Over the last two decades, MRS has been increasingly used for the grading of gliomas. Multiple previous studies have corroborated and validated the relationship between the metabolites detected by MRS and glioma grading [36]. Lipids are one of the recognized metabolites consistently associated with gliomas; previous studies [36] have utilized the mobile lipid signals at 1.3 and 0.9 ppm as reference points. Although MRS is considered a robust method for glioma grading [6], it has several drawbacks. Multi-voxel MRS requires a long acquisition time (6–10 minutes), which may give rise to motion artefacts and patient discomfort. Image acquisition and spectral differentiation may suffer from magnetic susceptibility artefacts formed by the adjacent bones and haemorrhage, motion artefacts and poor shimming [3]. Single-voxel spectroscopy (SVS), in particular, not only requires expensive software, but is time-consuming for post-processing and result interpretation [7].

The chemical shift in- and opposed-phase (IOP) sequence is one of the gradient-echo (GE) MRI sequences, and it has been clinically utilized for the detection of lipids in various conditions, including adrenal adenoma, renal angiomyolipoma, bone marrow pathology and whole-body fat quantification [812]. A recent study has also shown its usefulness in the detection of mobile lipids in intracranial lesions, including gliomas [13]. Elevated lipid levels in gliomas have been reported in various studies [14]. In high-grade gliomas, elevated lipid levels appear as a higher signal loss in the opposed-phase images. In this work, we attempt to take advantage of this physical phenomenon for grading of gliomas based on lipid levels. Other advantages of this imaging sequence include shorter acquisition time (approximately 1 min), which is an advantage over MRS acquisition. This sequence is also not susceptible to artefacts formed by adjacent bones and does not require expensive software applications [7, 15, 16].
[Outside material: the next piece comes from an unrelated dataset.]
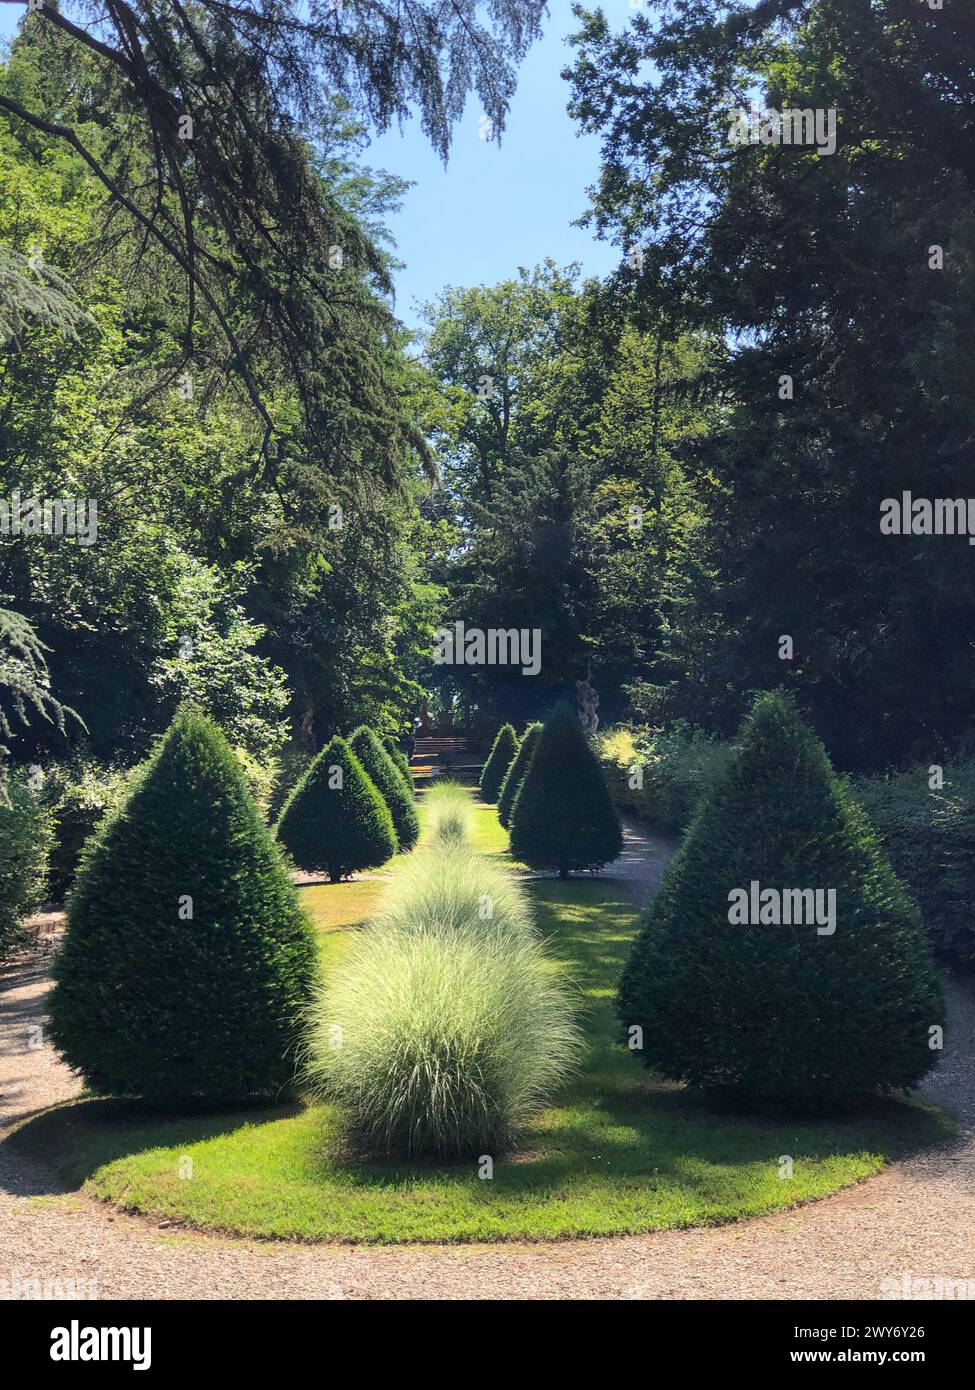 Grazzano Visconti, italy - june 11, 2023: perspective view of a garden in a beautiful park of grazzano visconti castle Stock Photo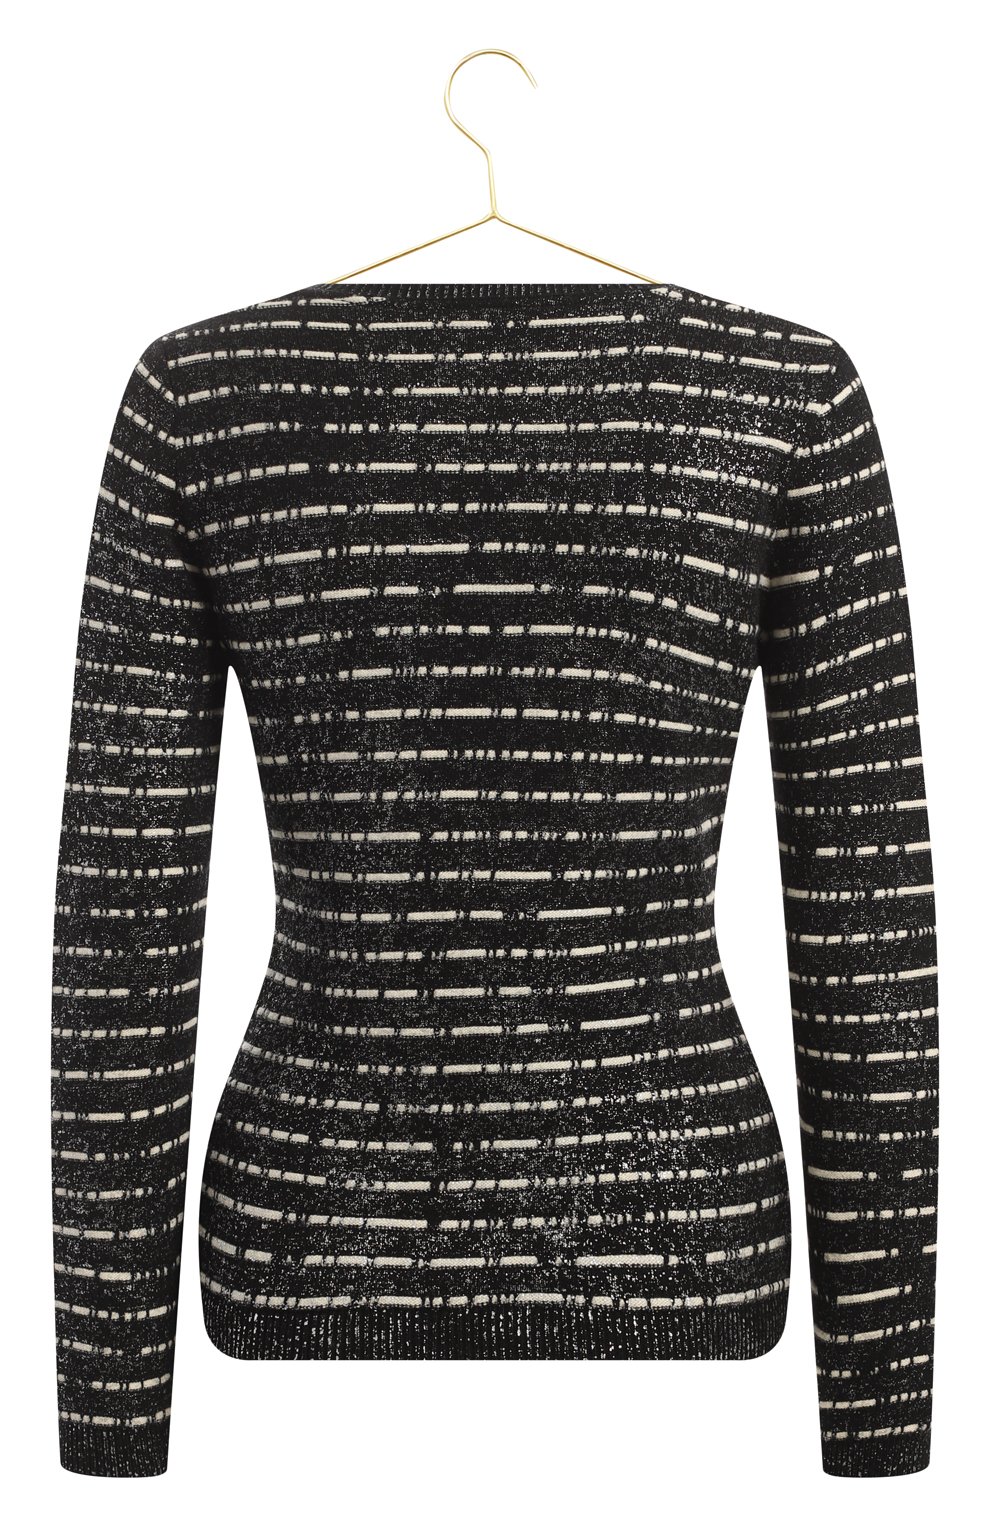 Пуловер из шерсти и кашемира | Chanel | Чёрно-белый - 2

In this study, we investigated the feasibility of using the IOP imaging sequence to grade glioma. This work is divided into two parts. The first involves a phantom study in which parameters obtained using the IOP sequence are correlated to lipid quantification using MRS. In the second section, the feasibility of this method for glioma grading is investigated in a cohort of 22 patients diagnosed with various stages of glioma.

Materials and methods

Phantom study

Few lipid phantom studies have been carried out in which the IOP sequence has been used for characterization [8, 13, 17]. To the best of the authors’ knowledge, no studies conducted to date have used this sequence to investigate the correlation of lipid components (ppm) obtained from SVS with lipid concentration (%). In the current work, a lipid phantom was constructed using SMOFlipid® 20 % (Fresenius Kabi, Richmond Hill, Ontario, Canada), an emulsion used for infusion containing soya oil, medium-chain triglycerides, olive oil and fish oil. The lipid phantom attempts to model the effects of low-lipid-fraction tumours, such as gliomas, in an IOP sequence in contrast to high-lipid-fraction tumours such as lipomas.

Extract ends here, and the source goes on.